All the normalization techniques are put into one callable method which in turn uses pydantic models for data validation and settings management of each technique. Below are the toggles:

Parameters:
  • whitespace (bool) – A technique that normalizes the white space from the underlying texts. A text with multiple white spaces increases the processing load of a NLP/LLM model that can hurt performance. White spaces in a text includes spaces, tabs and new lines which is the primary delimiter of a NLP/LLM model.

  • casefolding (bool) – Technique to normalize cases from a string to a desired format, i.e., either all caps or all in small case. It is always a good practice to convert all the raw text into small case and then send for further modeling.

  • stopwords (bool) – A stop word is a common high-frequency word like “the”, “and”, etc. that have no meaning of their own. Removing the stop words can often improve the model efficiency, default to True.

Keyword Arguments

The keyword arguments are used to toggle on/off each of the normalization techniques. Each technique is associated with an underlying dictionary which is defined under respective models.

Please refer to the underlying functions for detailed keyword arguments associated with each normalization techique(s) as below:

  • whitespace : Associated with white space removal, the function takes in arguments associated with native string functions of Python, check WhiteSpace for more informations.

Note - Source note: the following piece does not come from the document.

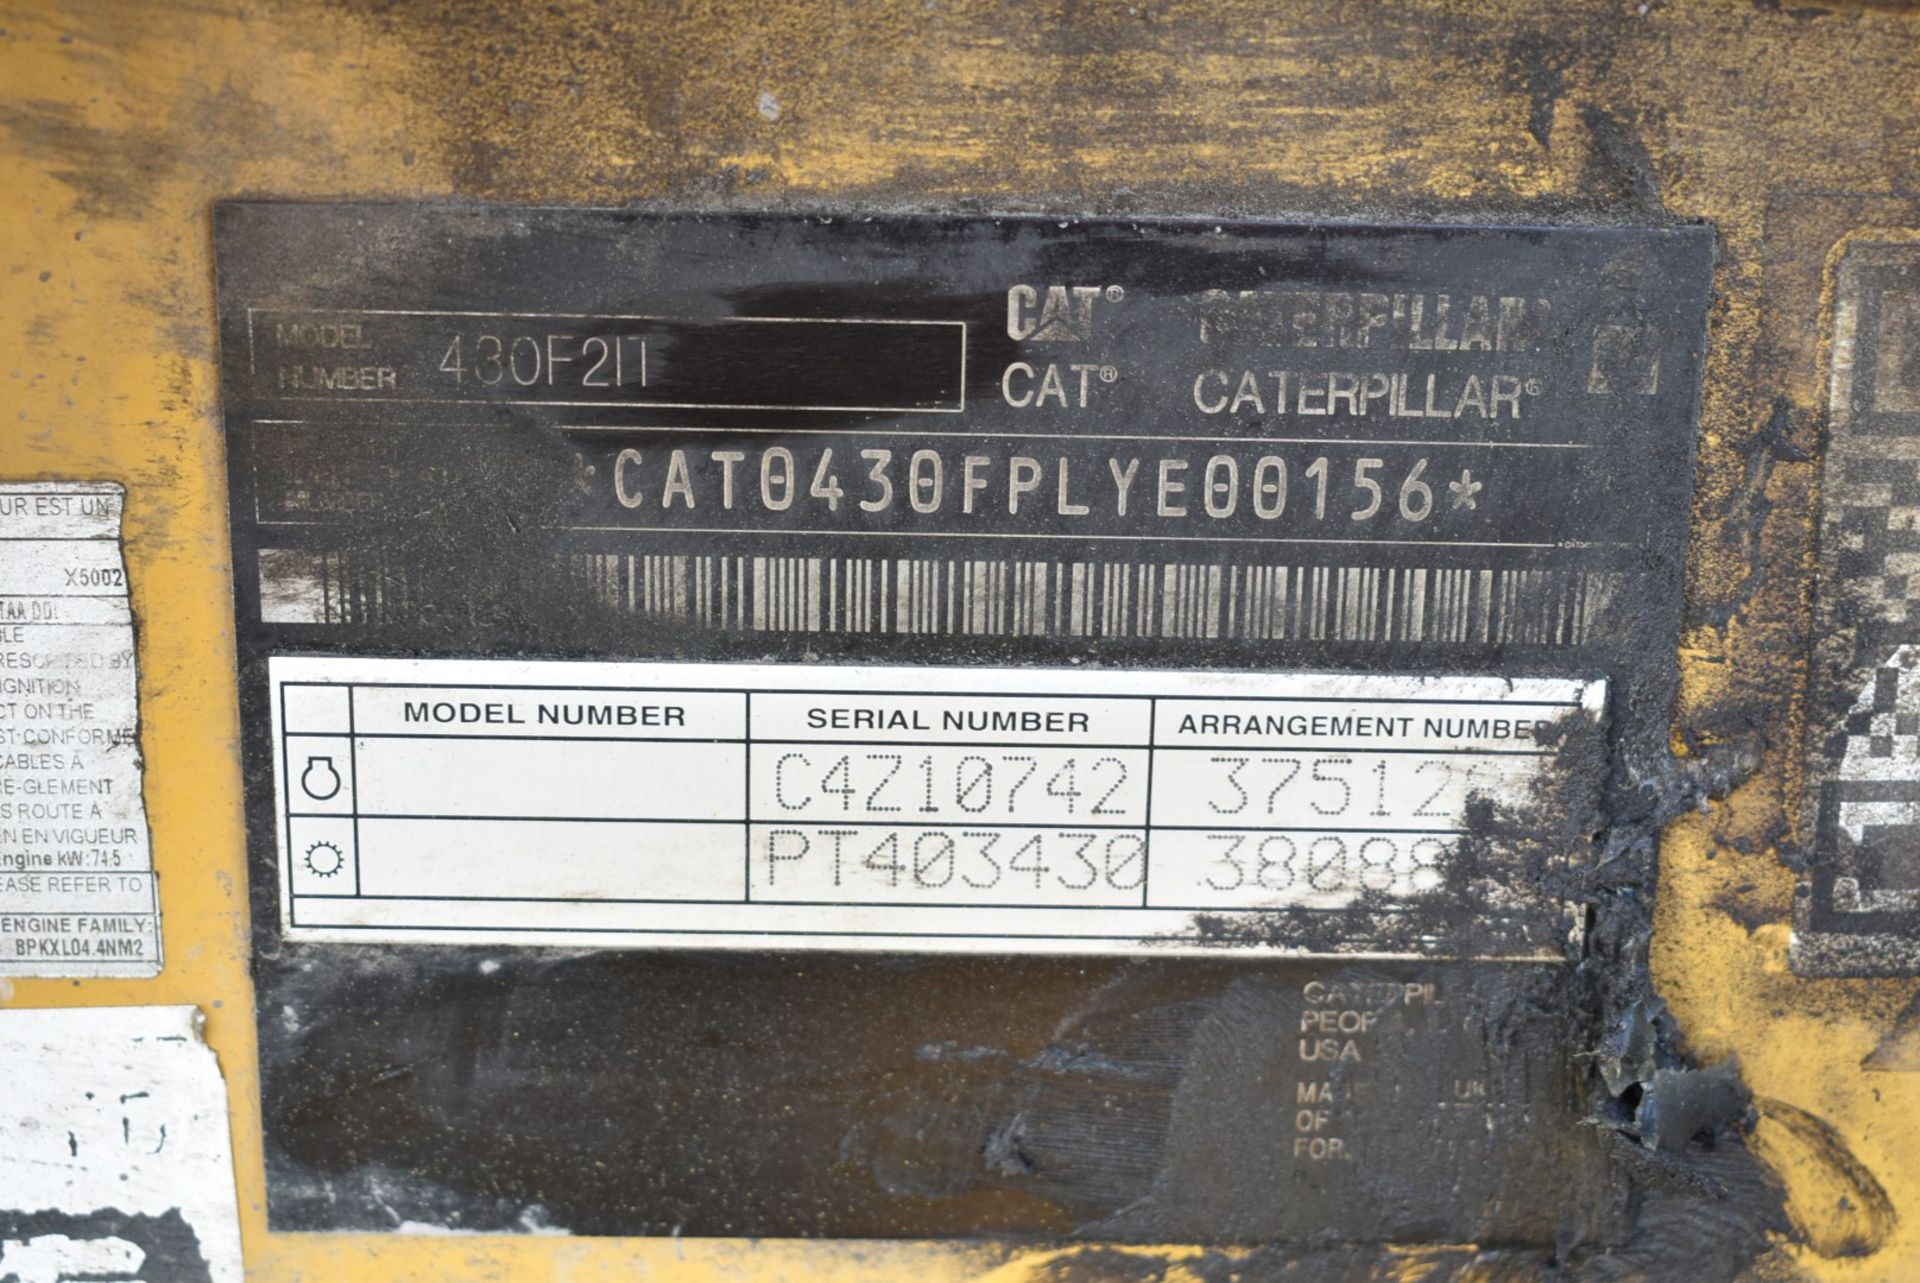 CATERPILLAR (2015) 430F2IT BACKHOE LOADER WITH CATERPILLAR C4.4B DIESEL ENGINE, 92" LOADER BUCKET, - Image 2 of 2
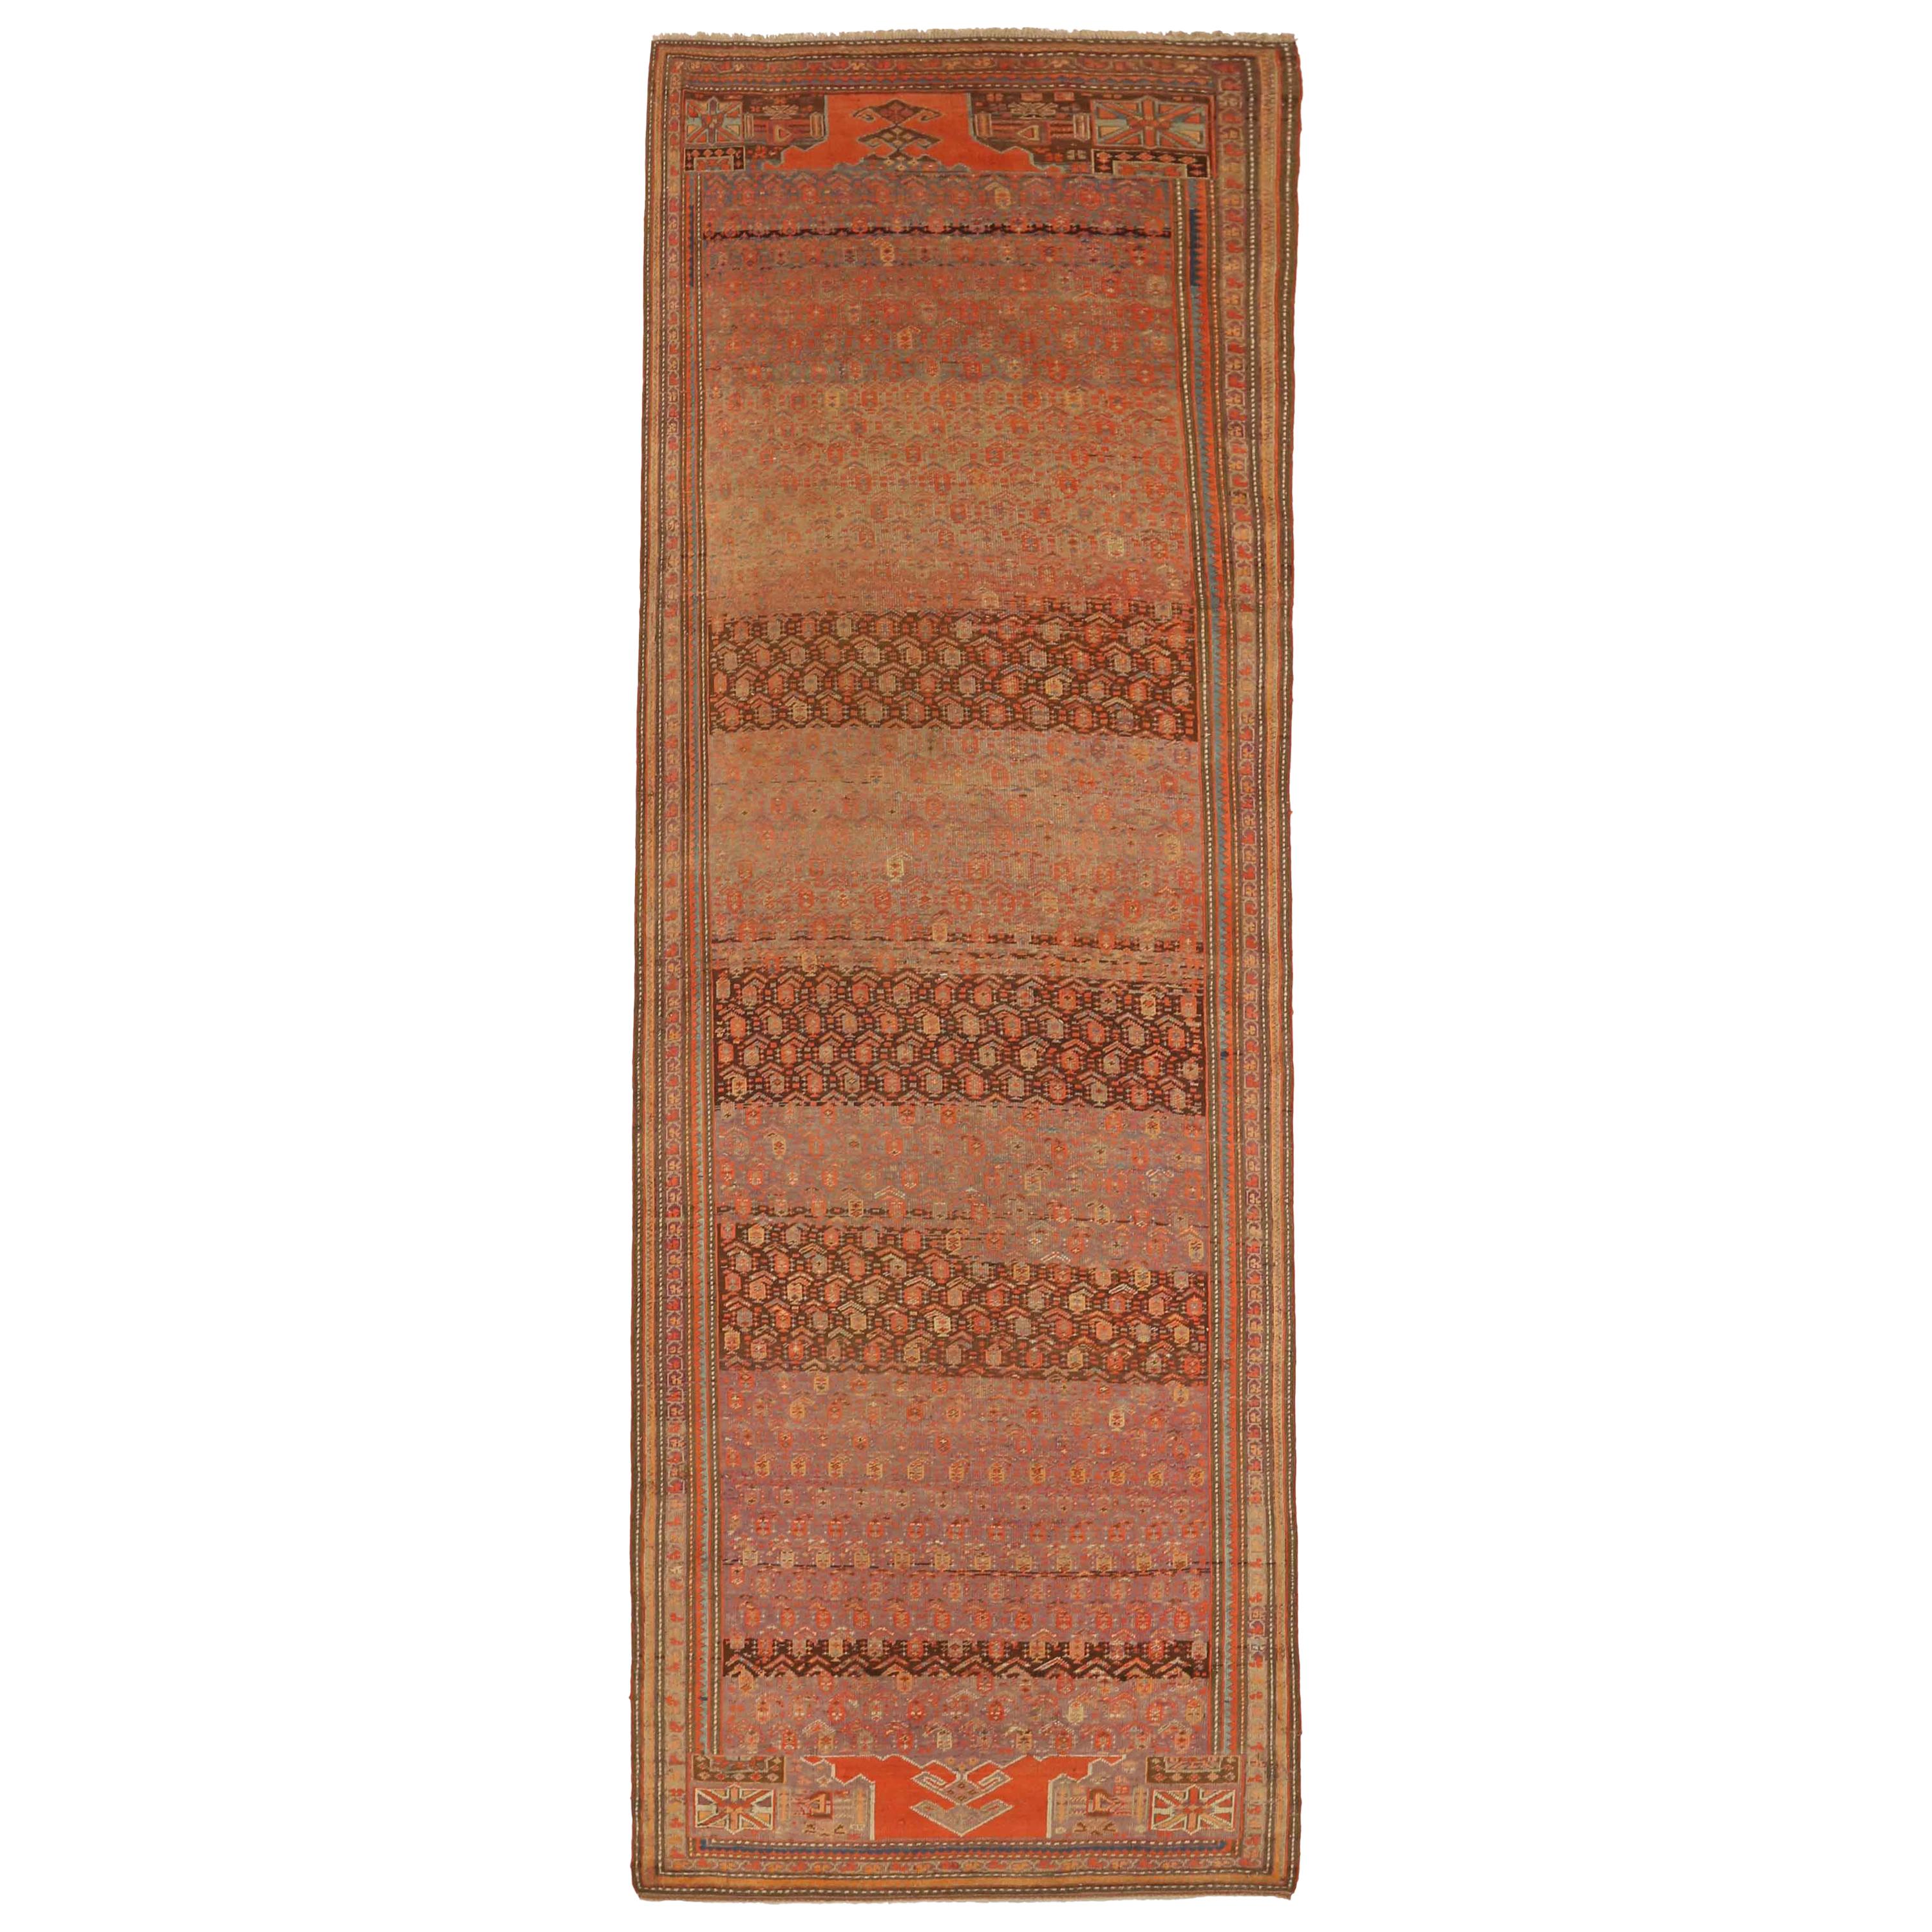 Antique Persian Rug Meshkin Design with Stylish Fading Patterns, circa 1920s

  • casefolding : Associated to set uniform text case, the model either converts all the string to upper case or in lower case using Python native string functions, for more details check signature of CaseFolding class.

  • stopwords : Associated with white stop words removal, check the underlying validation class is StopWords for more details.

Code Example(s)

The default configuration is (most of the time) the best normal form of the text, which is widely used. This can be achieved using the default setting like below.

import nlpurify as nlpu

...
text = " My   unCleaned text!!    "
print(nlpu.preprocessing.normalize(text, ...))
>> "my uncleaned text" # example of a cleaned text

Return Data

Return type:

str

Returns:

Return a cleaner version of string which is normalized and treated thus providing a better performance for forward NLP/LLM based modelling.